Keeping in mind how the consumer and businesses pay for goods and services, Australia is planning to issue its own digital currency from a central bank and regulate other cryptocurrencies in the nation.
According to notes from Treasurer Josh Frydenberg’s address in Melbourne on Wednesday, The government will hold a public consultation on a widely accessible digital version of cash. Simultaneously it is considering licensing a framework for allowing the transaction of cryptocurrencies in a regulated environment. It hopes to have received direction on both by the end of 2022.
Josh Frydenberg said in the speech that it would be Silicon Valley that will decide the future of the payments if the current structure is not modified. So these are important adjustments that must be anticipated.
The RBA (Reserve Bank of Australia) and some of the country’s largest banks are battling to create payment systems pioneered by tech behemoths like China’s Ant Group Co. Furthermore, Meta Platforms Inc.’s Diem project builds a worldwide payments network that might support its own central bank digital currencies (digital assets whose value is tied to a monetary unit such as the US dollar) or stablecoins.
A potential threat to the monetary regime is faced due to the rapid growth of cryptocurrencies which are unmistakably different from the digital currency issued by central banks, which adds to the urgency for a debate on the handling of cross-border transfer of money. According to the Australian Taxation Office, more than 800,000 Australians carried out digital asset transactions in 2018 alone.
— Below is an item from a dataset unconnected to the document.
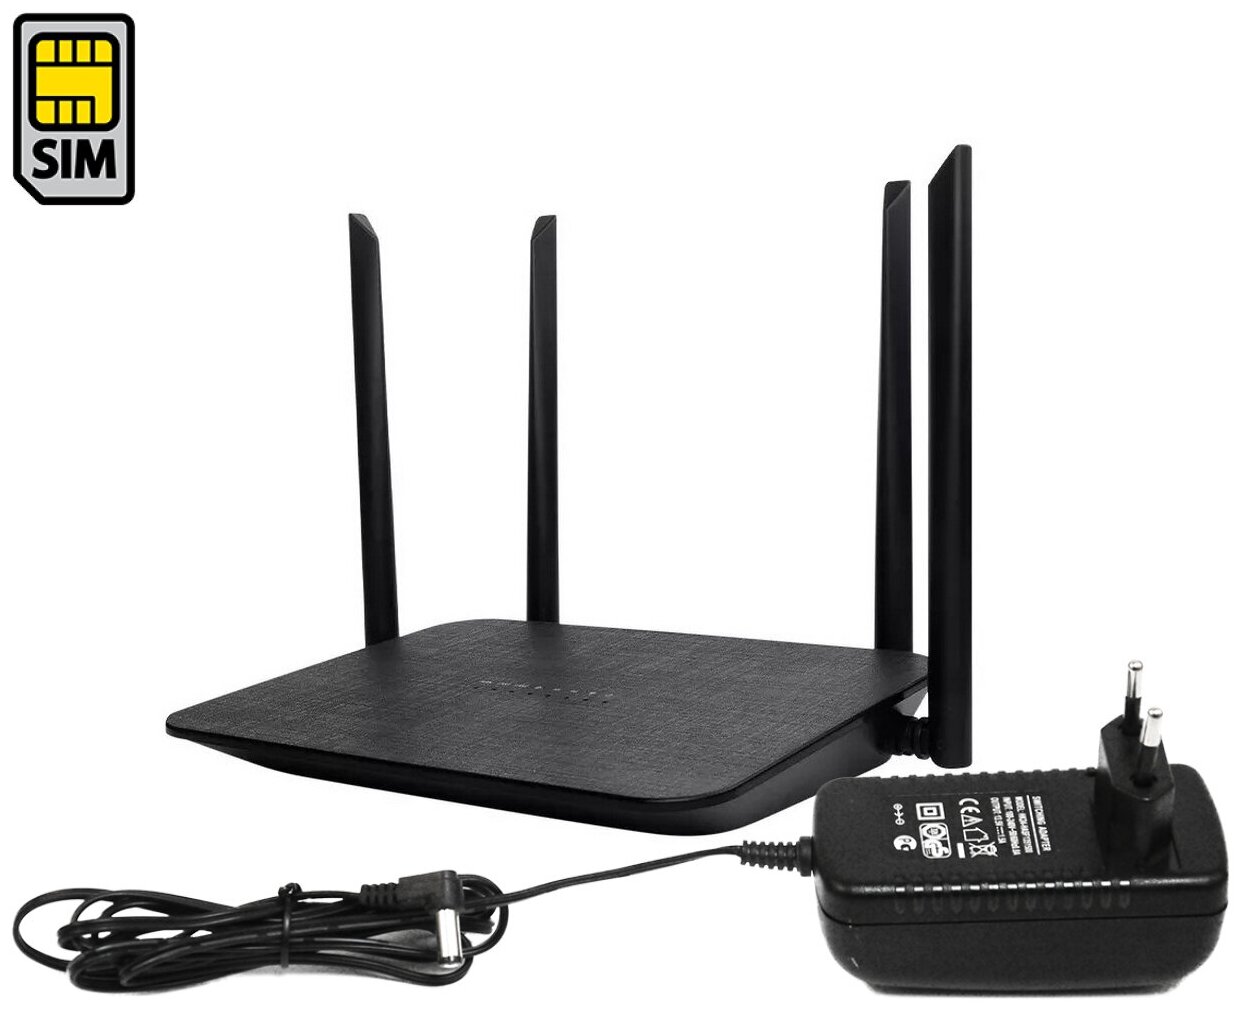 Wi-Fi роутеры 3G/4G с СИМ картой HDком С80-4G (Черный) (F1506EU) и 4G-lte модемом - Wi-Fi 3G/4G/LTE маршрутизатор. Модемы 4g для интернета

According to Jonathon Miller, general director of crypto-exchange Kraken in Australia, the country needs to promote the sector as a “hub of innovation.” He is optimistic that any new regulations will not be overly burdensome.
He continued that it has been observed that when it is forced too much in other markets, there lies the threat of rejections of the market.
Three separate studies of the country’s payment system and analogous events in the United Kingdom, Singapore, and Canada have prompted the planned adjustments. Furthermore, Australia participates in a Bank for International Settlements trial of central bank digital currencies to develop a more efficient global payments infrastructure.
The Reserve Bank of Australia (RBA) stated on Wednesday that it had finished a study on the use of distributed ledger technology to produce a wholesale version of central bank digital money, as opposed to the government’s proposed retail version. The bank claimed that it would continue to investigate but did not specify whether or not a wholesale currency would be implemented.